Hostiles

‘Hostiles’ Review: A Grim Oater

'Hostiles'

Movie Rating:

2.5

‘Hostiles’ is the first official Western by writer/director Scott Cooper, whose previous movies (‘Crazy Heart’, ‘Out of the Furnace’) have essentially been Westerns minus the period trappings. Undoubtedly, finally getting to make a real deal Western was a dream come true for the director. Too bad he was so determined to make one relentlessly grim and glacially slow. The experience of watching ‘Hostiles’ is draining and exhausting.

There have been a few different strains of modern stabs at the genre, but all of them question conventional notions of white hat/black hat Western morality. ‘Hostiles’ is the type that strives to re-evaluate the treatment of Native American characters. The film starts out in a pretty wild place before coming around to redemption. We’re thrust headfirst into an impressively mounted and almost unbearably disturbing raid as a gang of Comanches attack a white family, leaving only the mother (Rosamund Pike) alive. The story then slides elsewhere and we’re introduced to Captain Joseph Blocker (Christian Bale). He doesn’t take to kindly to First Nations folks, having seen many atrocities committed by them (and in the process, committing many of his own). Blocker is assigned by his commanding officer to escort his former nemesis, the terminally ill Chief Yellow Hawk (Wes Studi), to Montana with his family, where the prisoners will be set free. Blocker is disgusted at the thought, but is forced to follow through. Hmmm… Do you think he might learn to see the humanity in his prisoner despite all the horrible things that are sure to happen along the way?

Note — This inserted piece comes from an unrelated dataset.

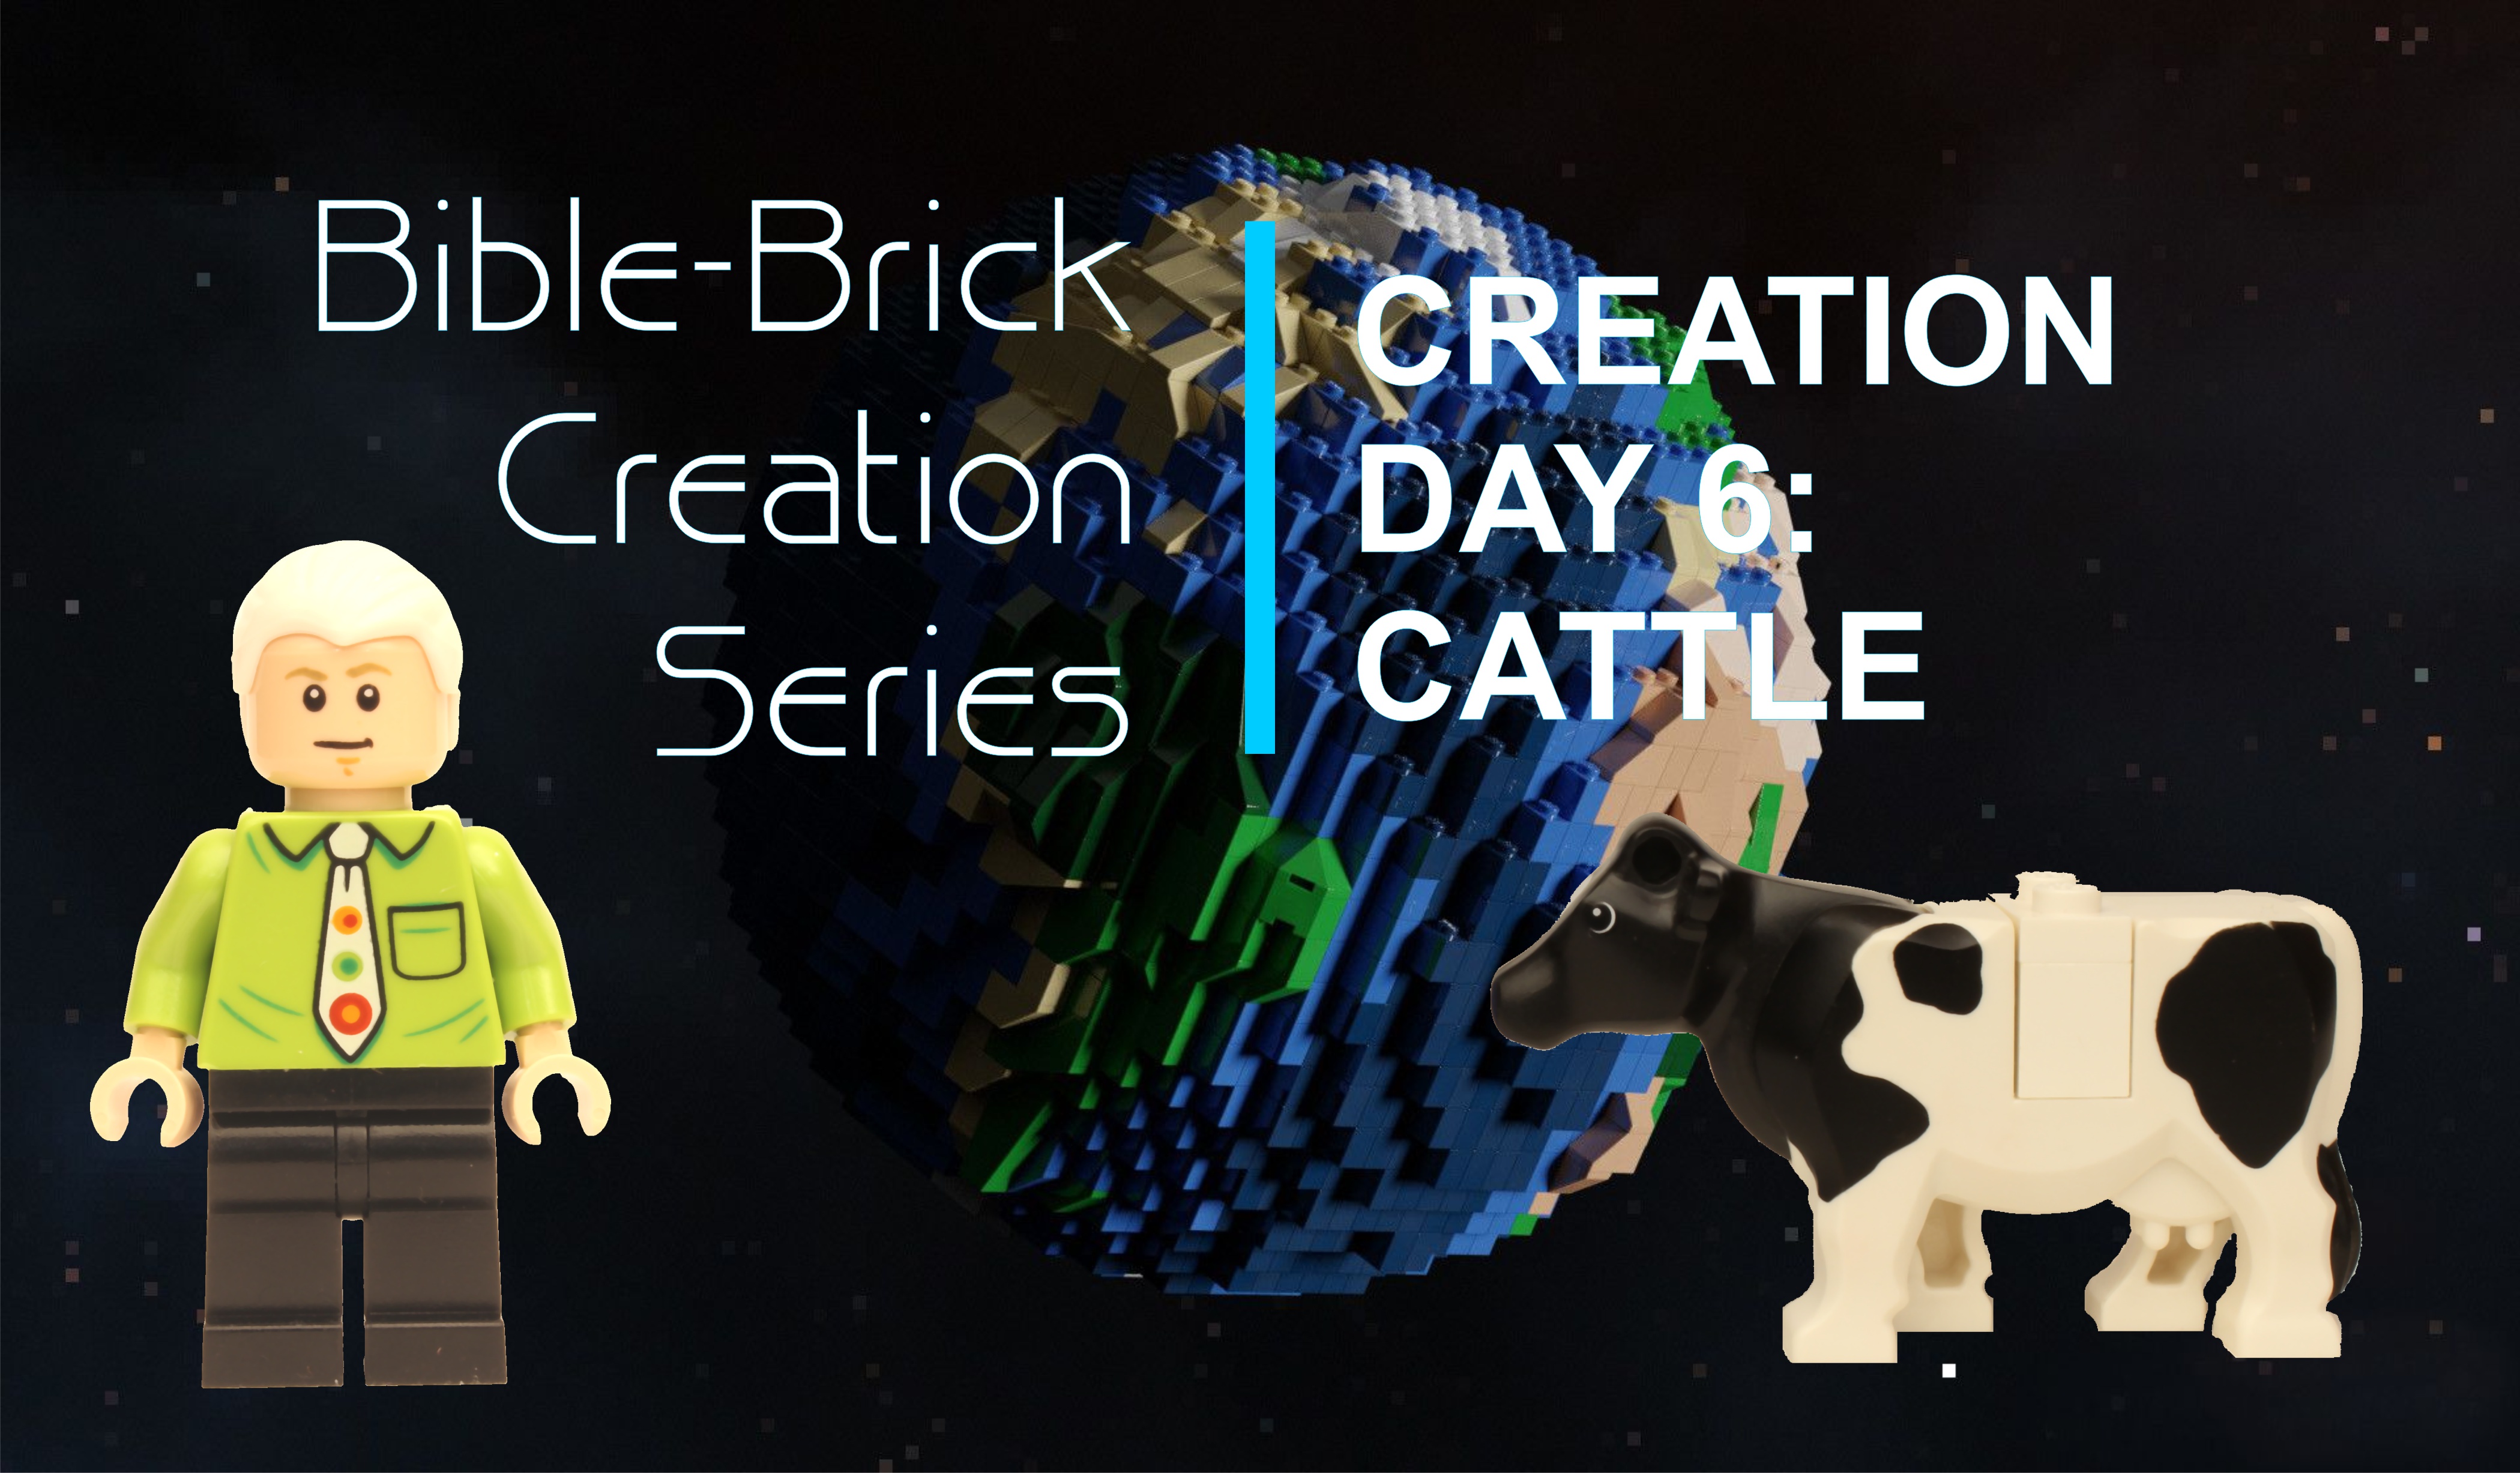 Creation #23 Day 6 Cattle

From the opening moments, this death-of-the-West tale is harsh, nasty, and unforgiving. This isn’t just a world without heroes or easy morality; it’s a hellish landscape populated only by innocents on a path to corruption or figures of pure evil on horseback. The script pretends to tread in the gray areas between the extremes, but does so only in terms slightly less complex than the old Westerns this is supposed to be rallying against. In theory, that the film starts in such a cruel place only to end in more egalitarian one should feel like an impressive journey. That’s true on the surface, but in the end it’s such an easy dramatic journey to make that it doesn’t really register in the way Cooper hopes it will land. While Native Americans face deeply unsettling levels of persecution, dismissal and bigotry in real world these days, in Westerns they’ve been redeemed so many times that it feels like cliché. Cooper isn’t really doing anything new here. He’s just doing it in more miserable and viciously violent ways. That’s not necessarily an improvement.

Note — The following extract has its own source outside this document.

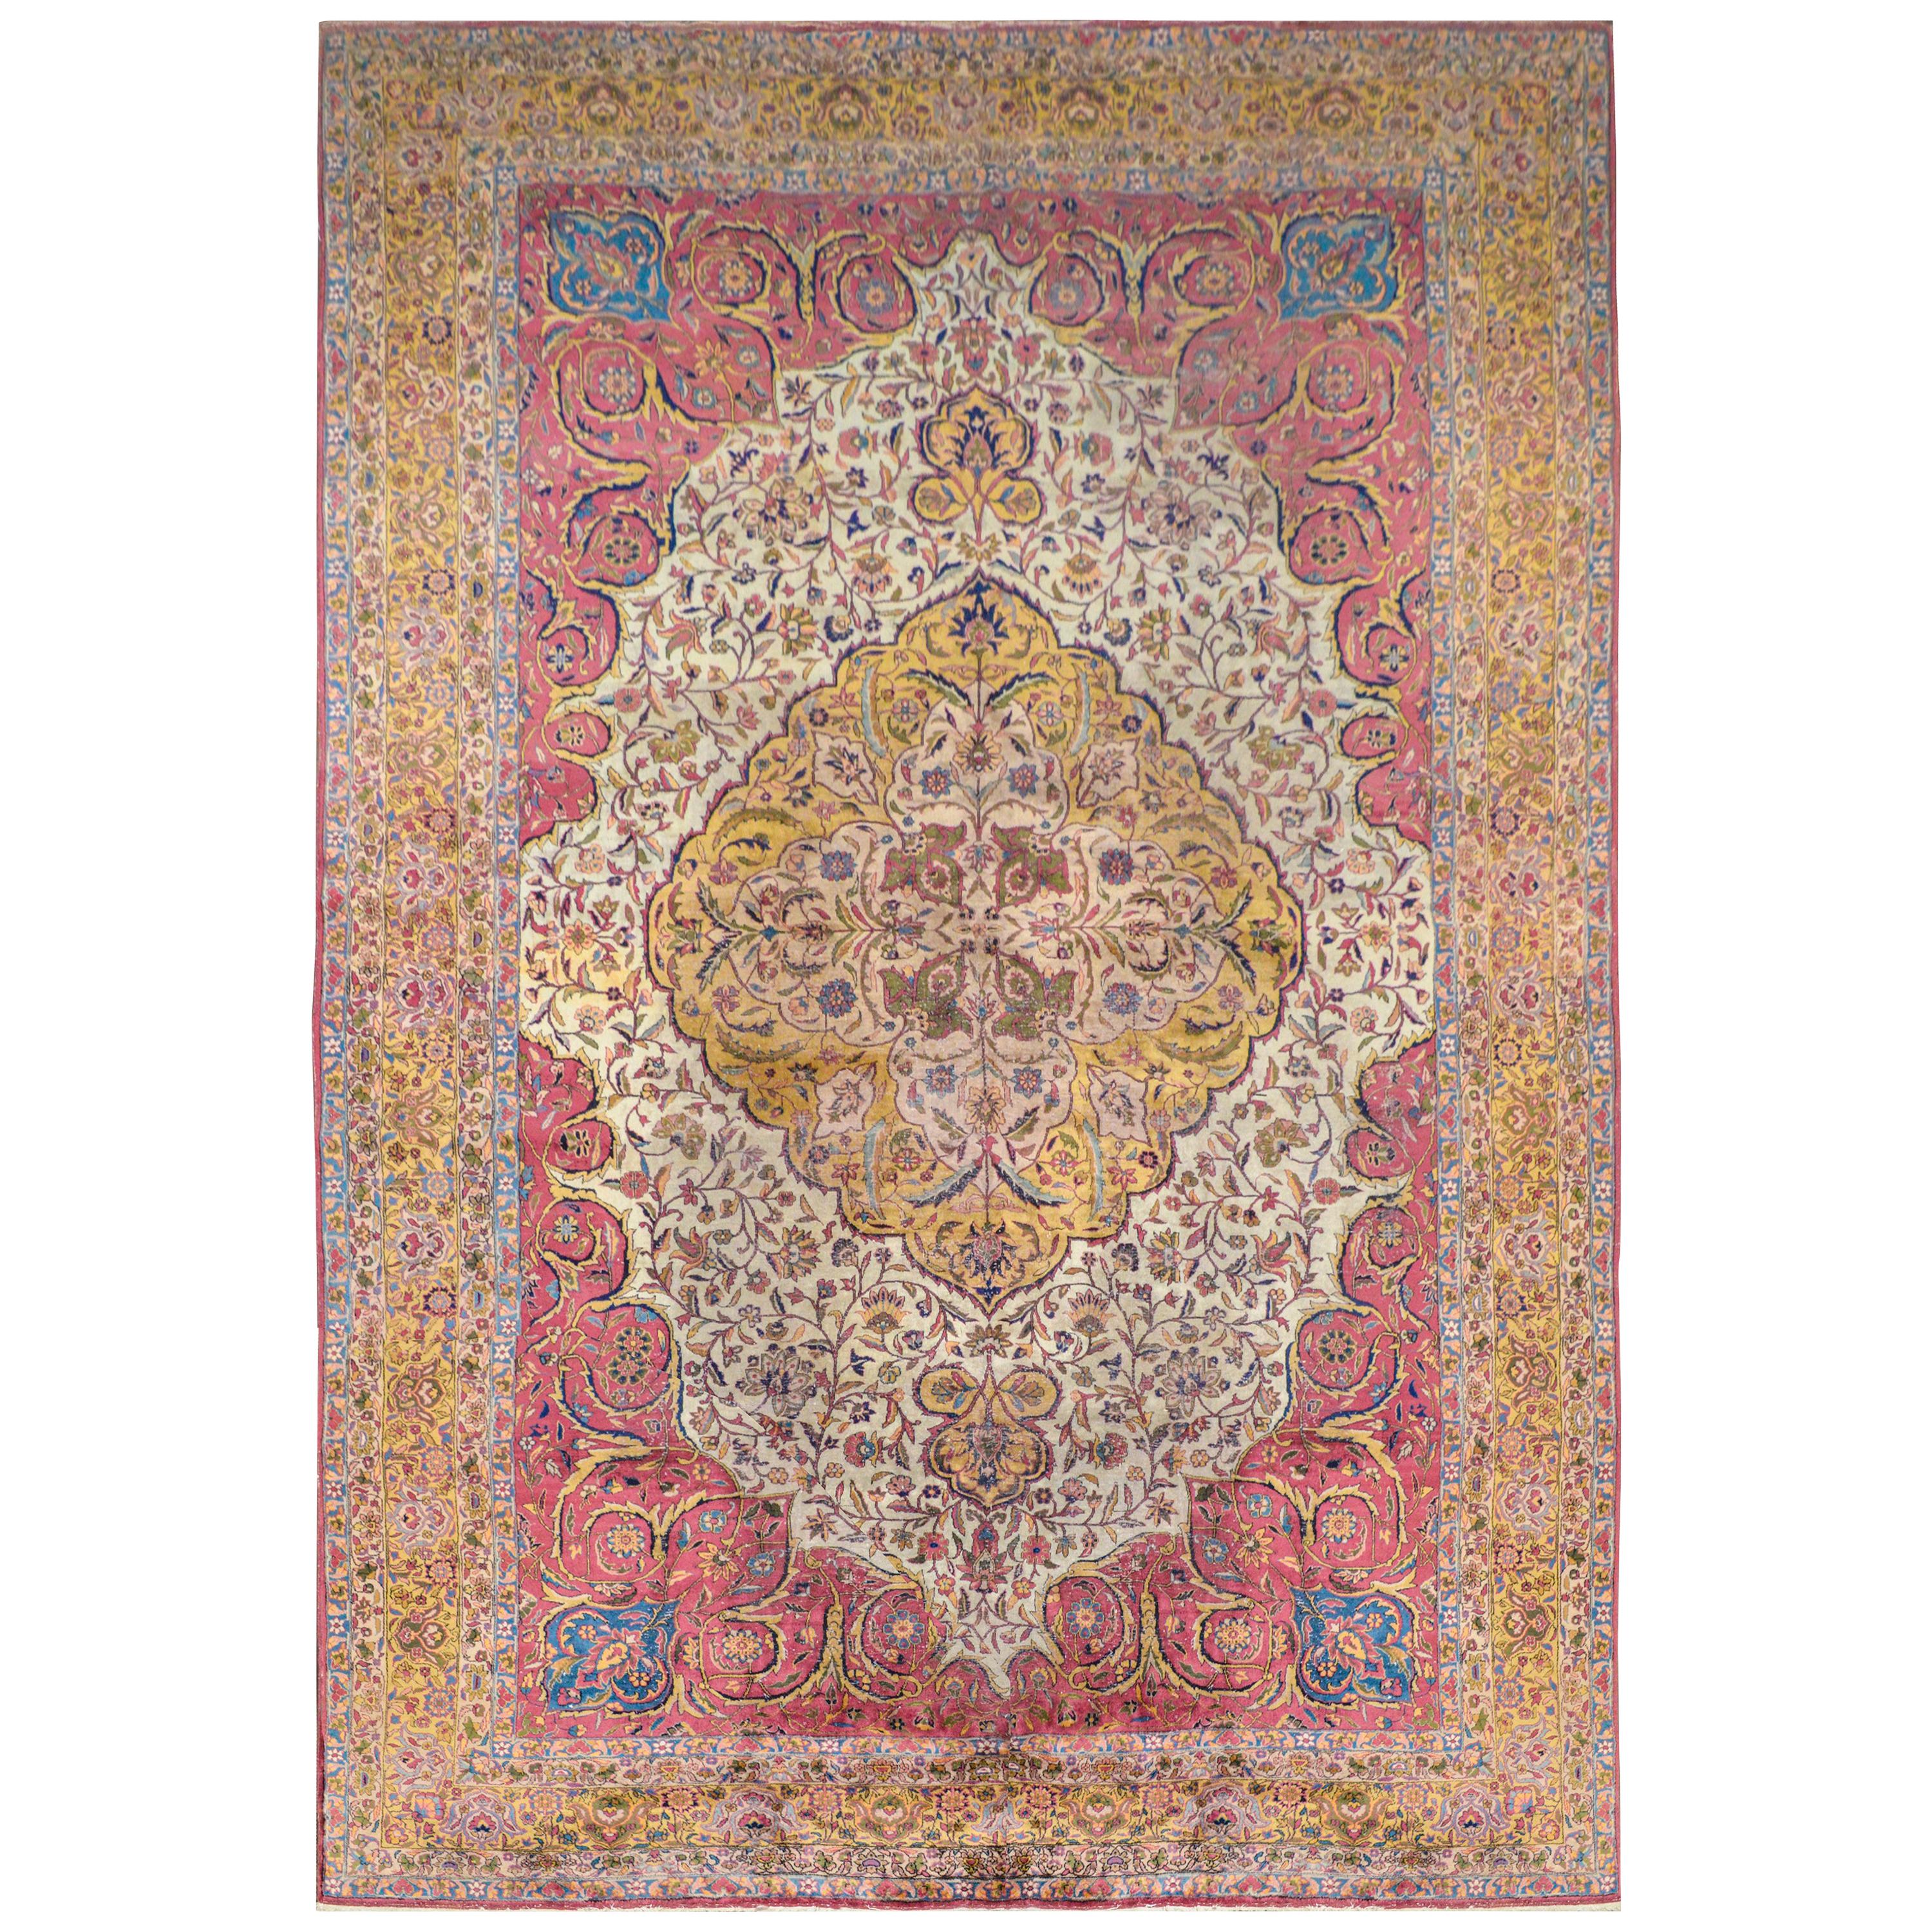 Outstanding Early 20th Century Agra Rug

‘Hostiles’ has plenty of superficially impressive elements that make it difficult to dismiss. The dusty, dead and unforgiving world created by the remarkable craftsmen on the crew (plus good old Mother Nature) is stunning and evocative. The cast are also uniformly strong despite their fairly two-dimensional roles, with Rosamond Pike and Christian Bale proving to be predictably impressive leads. (Fact: As long as McG isn’t involved, Bale is always excellent.) The film looks and often sounds like a great revisionist Western, but rarely feels like one. The bulk of that falls on Scott Cooper’s shoulders. He just can’t seem to pace the story with any finesse or tell it with any gravity. The episodic and winding narrative meanders and sputters despite being an ultimately simple morality tale.

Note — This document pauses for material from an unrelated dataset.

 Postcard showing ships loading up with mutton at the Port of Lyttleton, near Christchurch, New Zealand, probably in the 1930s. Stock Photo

If all the shots of characters staring off woefully into the distance and the visual quotations of ‘The Searchers’ were removed, ‘Hostiles’ might be a watchable 90-minute genre flick. Instead, the whole thing drones on and on far past the point of pleasure or resonance. It’s a Western that takes itself far too seriously, especially since the Liberal guilt subject at the center is so overplayed. In the end, ‘Hostiles’ is really only worth approaching for Christian Bale completists and those who have a fetish for cinematic misery.

5 comments

  1. agentalbert

    This really was unrelentingly grim, and I found it disappointing as well. The brutality of the content didn’t bother me at all, and I don’t need every story to have a silver lining or anything uplifting. But this drug on so long it became boring. I may revisit it again sometime, but not for awhile.

  2. I really took to it. From the bleak nature of the opening scene, I knew I was about to watch something on the same relentlessly grim level as ‘The Road.’ I sat back, buckled up, and went on its unfun, yet satisfying adventure. I thought it was excellent.

    • Chapz Kilud

      Me too, I just watched it today and I thought it was excellent as well, but 2.5 star is fair rating. I don’t really mind the cliché. Haven’t we seen enough of the same stuff over and over with reboots and sequels? Why would it bother anyone to revisit the same old ideas?

    • Chapz Kilud

      Yes, Native Americans came from Asia. They were the first people in North America before any human lived here. If you talk about Europe, at least Neanderthals were in there for over 100,000 years before Homo sapiens arrived in Europe.